# Общий раздел > Чувства > Брак, семья, дети >  Мужчины вступают в брак по расчету чаще, чем женщины

## Irina

*МОСКВА. Мужчины привыкли жаловаться на то, что женщины выходят замуж по расчету. «Ей от меня нужны только деньги», — говорят мужчины и стараются поменьше тратиться на возлюбленных. Некоторые даже устраивают возлюбленным всяческие проверки, чтобы выяснить, ценят ли в них личность.*

Как пишет портал Mignews, при этом мужчины редко задумываются о том, что сами женятся по расчету и делают это гораздо чаще, чем женщины. Ведь на самом деле не многие из нас готовы жить с нелюбимым человеком, утешая себя новой шубкой или поездкой в Париж на выходные. Ну а что же мужчины? Они тоже ищут любви, но при этом не готовы слепо следовать за своим чувством.

Как правило, мужчина хочет связать свою судьбу только с той, которая хорошо готовит, не отлынивает от уборки дома и не брезгует стиркой носков вручную. При этом женщине, подчеркивает портал, положено успевать заниматься самореализацией, быть умной и делать посильный вклад в семейный бюджет. В противном случае ей не избежать упреков в том, что она сидит у мужа на шее. Хозяйка на кухне, леди в гостиной и проститутка в постели — это вовсе не миф, а вполне реальное представление о хорошей жене. Некоторые также настаивают на том, чтобы будущая жена была из полной семьи или принадлежала к определенной социальной прослойке. Как ни странно, чем меньше мужчина способен дать женщине, тем больше список выдвигаемых к ней требований. И что же это, если не расчет?

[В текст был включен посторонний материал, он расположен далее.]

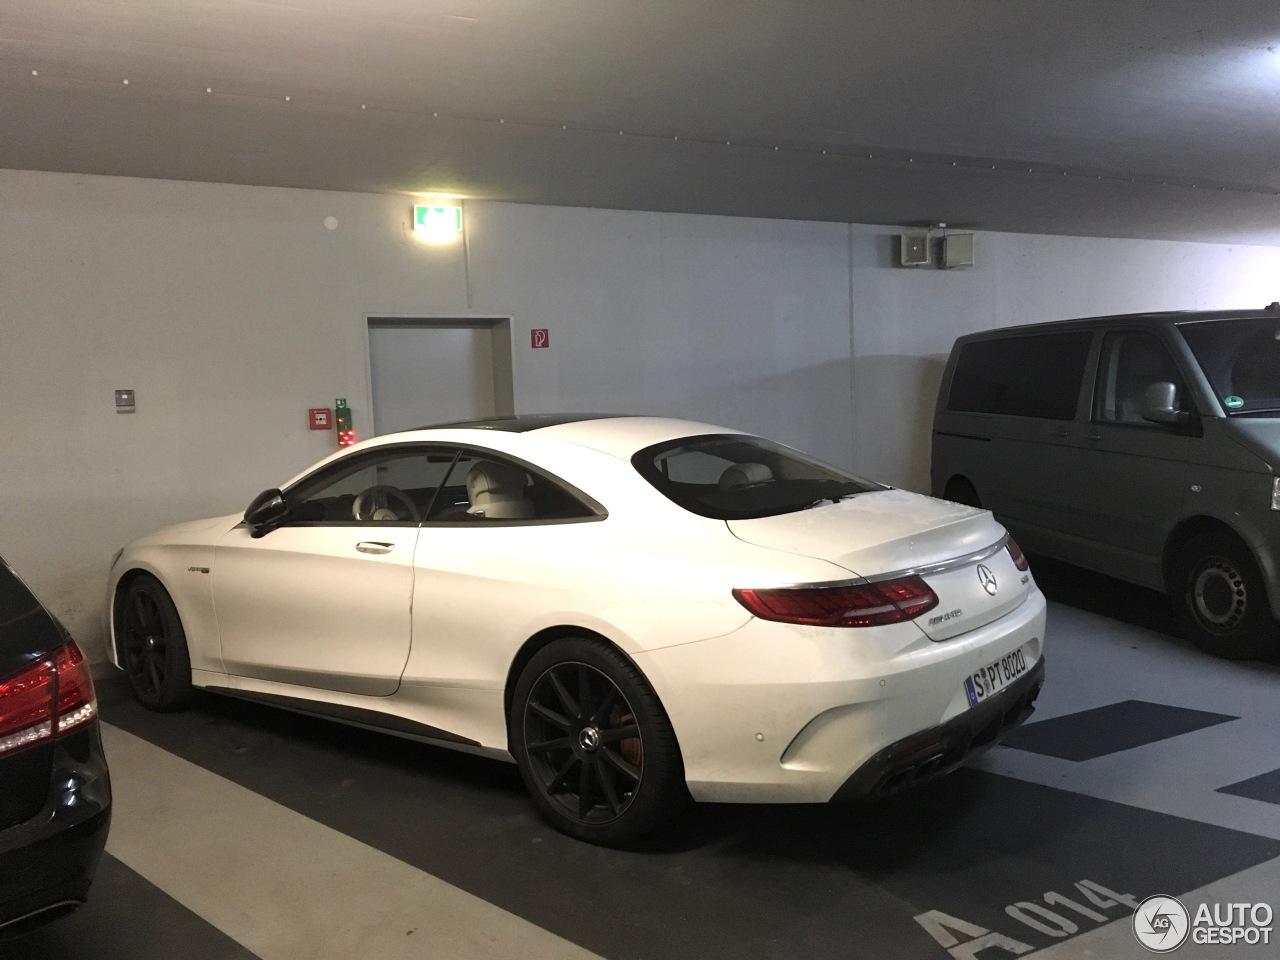 Mercedes-AMG S 63 Coupé C217 2018 - 3 December 2017 ...

Однако, передает сайт Ivona, не стоит думать, что данная статья призвана заклеймить мужчин. На самом деле, в таком расчете нет ничего дурного, ведь для счастливой семейной жизни необходимо, чтобы мировоззрения партнеров совпадали, и каждый мог выполнять приписанную ему роль. И это касается обоих полов. Если женщина выбирает в спутники жизни состоятельного мужчину, это вовсе не значит, что она меркантильная стерва — просто у нее тоже есть свои требования и запросы, которые необходимо удовлетворять.

----------


## Sanych

Ай, не согласен. Женщины в этом деле более циничны, и решают исход в пользу богатых парней.

----------


## Irina

А вот это глупость несусветная. Мы в этом плане равны. Спишь ведь с человеком и детей от него рожаешь. Деньги деньгами, но к ним нужны и отношения, иначе это не семья, когда тебе неприятны отношения интимные.

----------


## Sanych

Ну правильно, выбираешь кого побогаче и рожаешь ему, что б не делся никуда

----------


## Irina

Ну а жить потом как?  Любовника завести не выход - закопают обоих.  морщиться от отвращения  каждый раз? Не понимаю. Ведь ничего не нужно будет, ни денег ни такой семьи.

----------


## Sanych

А привычка? Кака привычка? Така привычка!

----------


## Irina

К этому невозможно привыкнуть - если нет чувств никаких, кроме любви к деньгам, не складывается такой брак никогда. Сталкивалась с этим в жизни и доводилось видеть от начала до очень быстрого и печального конца.

----------


## Sanych

Ну в этом я согласен. Видал такое. Потом обоим плевать друг на друга, а детей куда девать, уже вопрос...

----------


## Irina

Вот вот. Так что все хороши - и мужчины и женщины, которые на это идут сознательно)

----------


## HARON

Irina, ты судишь о женщинах по себе.Но не все же такие как ты. Большинство нынешних девушек пойдут на что угодно,лишь бы захомутать богатого мужика. Девичья честь нынче не в чести!

----------


## Irina

Я не сужу по себе - такие браки  быстро и плохо заканчиваются в 95% случаев.

----------


## Энрика

что-то процент слишком большой

----------